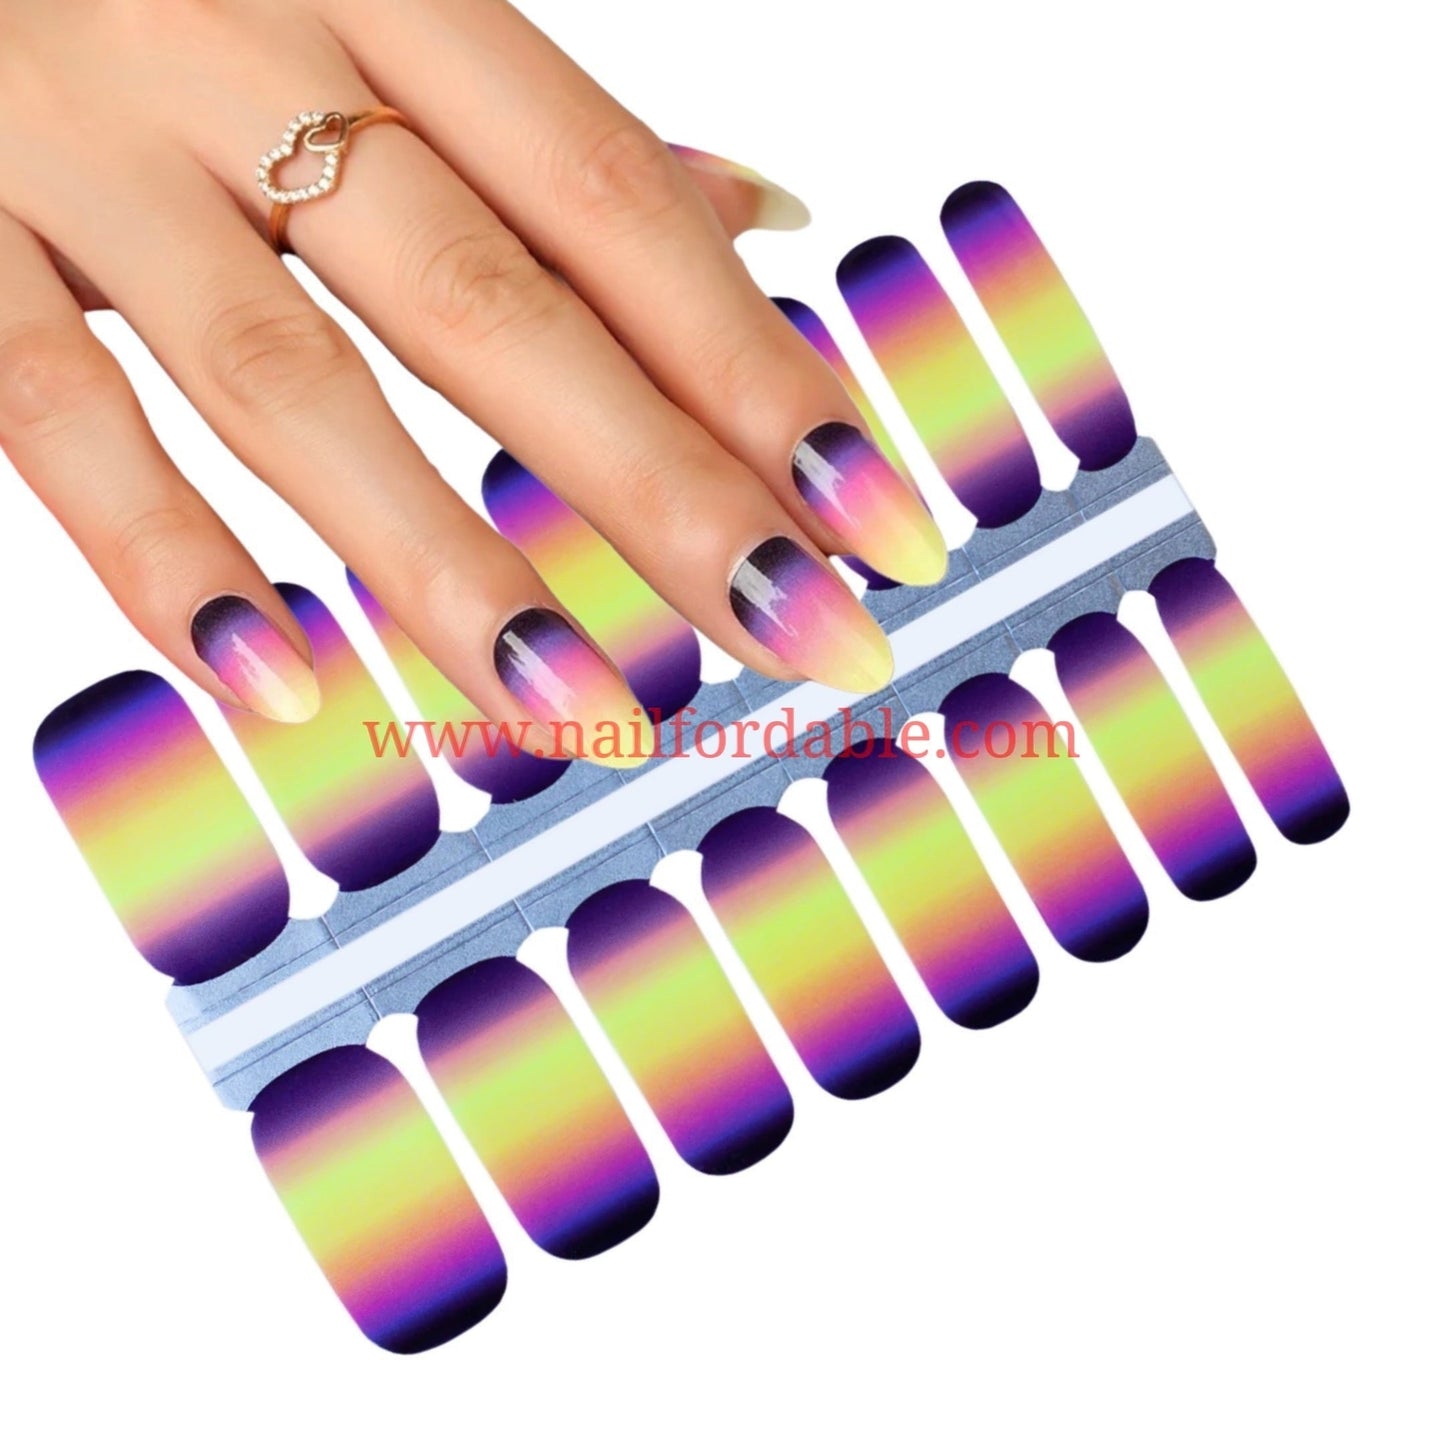 Multicolor sunset Nail Wraps | Semi Cured Gel Wraps | Gel Nail Wraps |Nail Polish | Nail Stickers
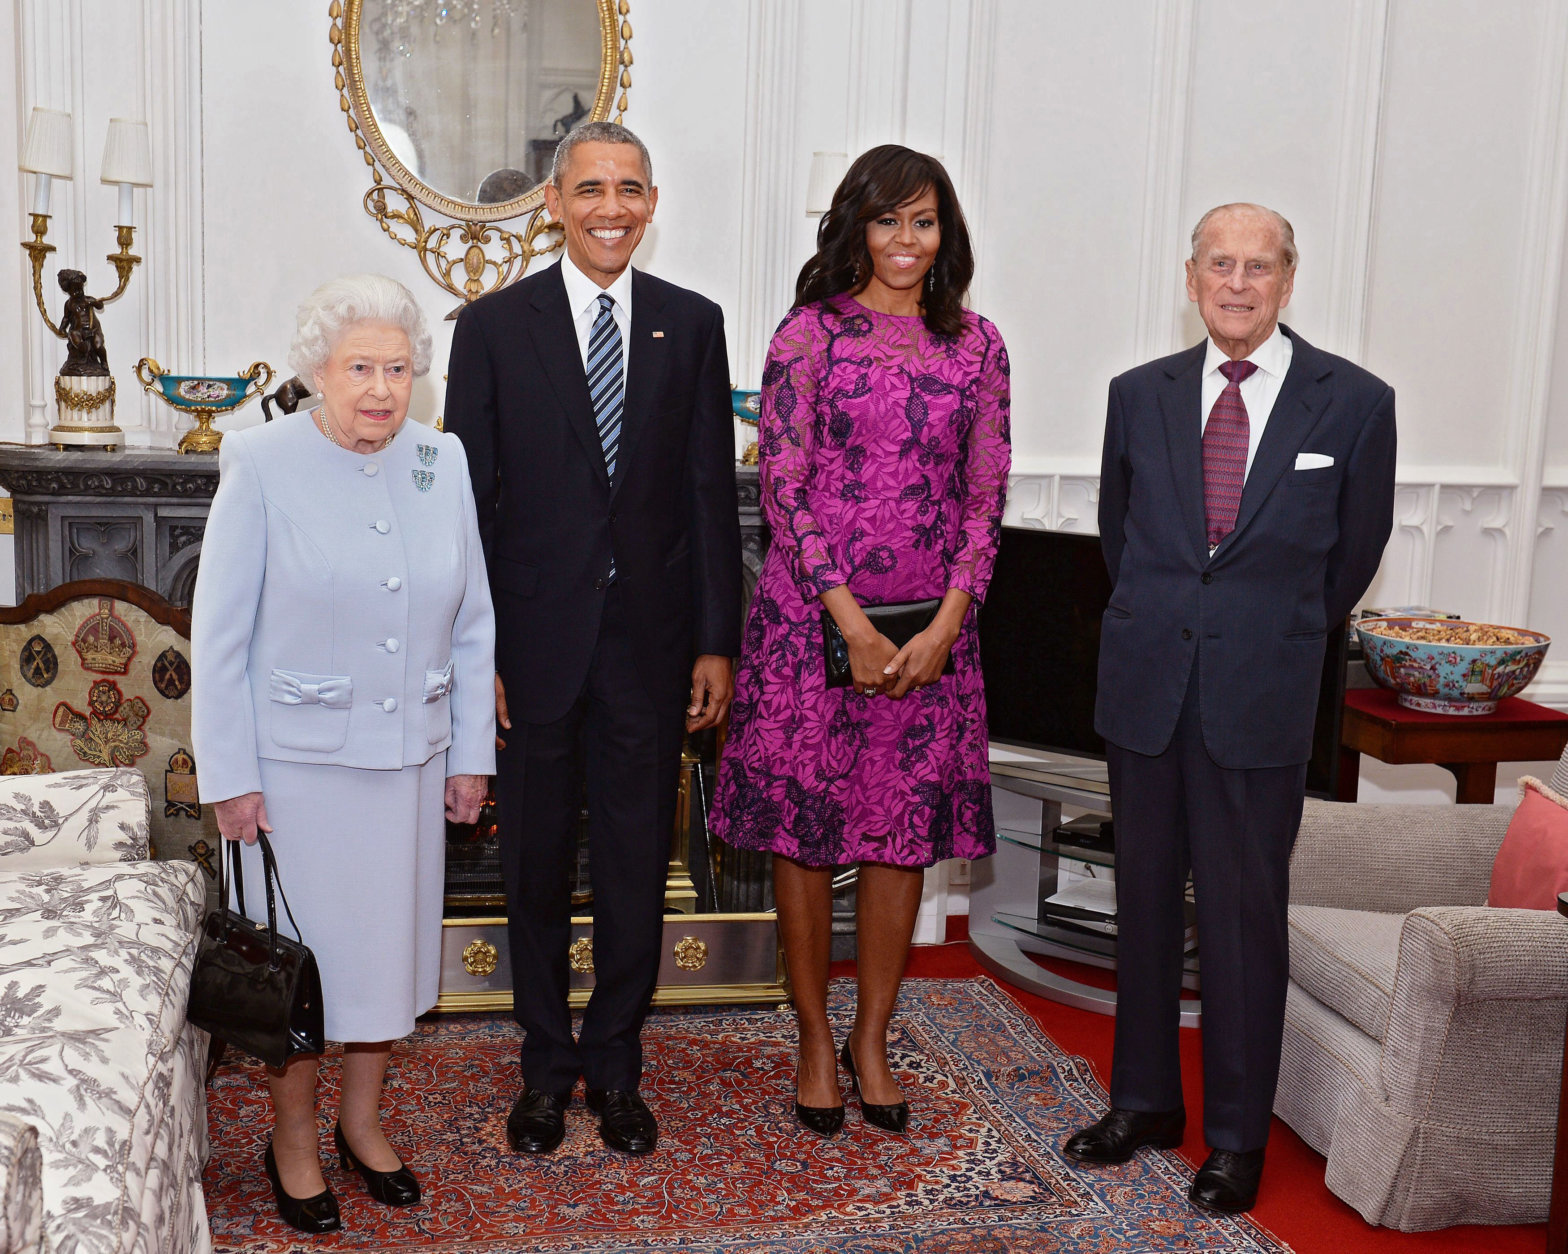 President Barack Obama, center left, and his wife first lady Michelle Obama, center right, pose with Britain's Queen Elizabeth II, left, and Prince Phillip in the Oak room at Windsor Castle ahead of a private lunch hosted by the Queen, Friday, April 22, 2016 (John Stillwell/Pool)
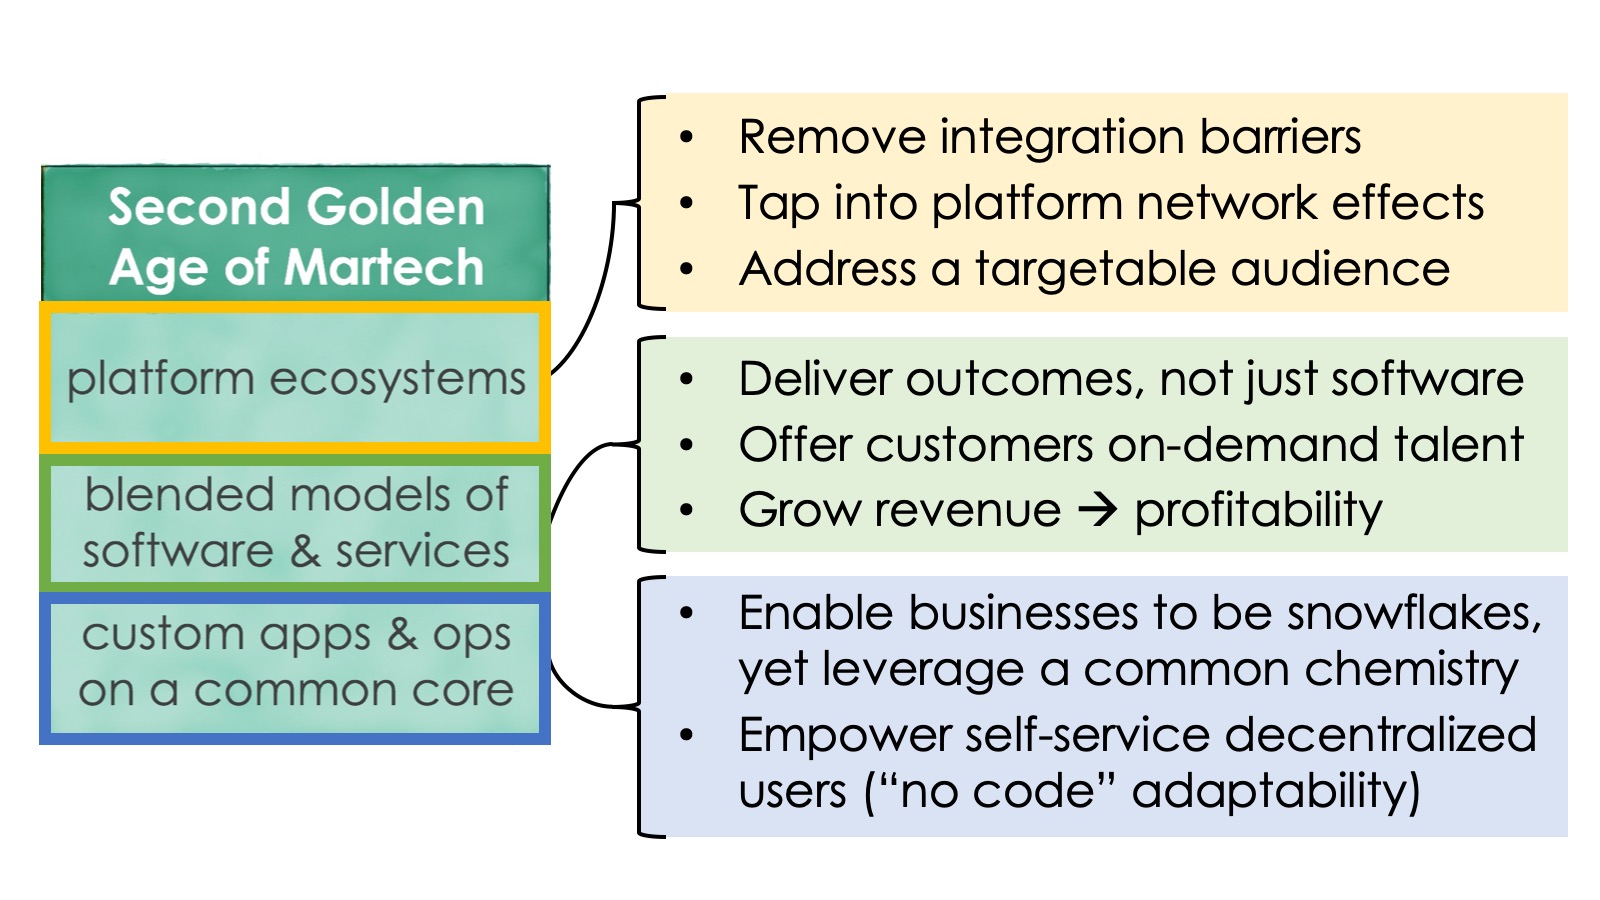 Second Golden Age of Martech

▶ Problem description
An exact copy of the data is required, with the pictures excluded.

▶ Result of the exercise
 Multicolor sunset Nail Wraps | Semi Cured Gel Wraps | Gel Nail Wraps |Nail Polish | Nail Stickers
 President Barack Obama, center left, and his wife first lady Michelle Obama, center right, pose with Britain's Queen Elizabeth II, left, and Prince Phillip in the Oak room at Windsor Castle ahead of a private lunch hosted by the Queen, Friday, April 22, 2016 (John Stillwell/Pool)
 Second Golden Age of Martech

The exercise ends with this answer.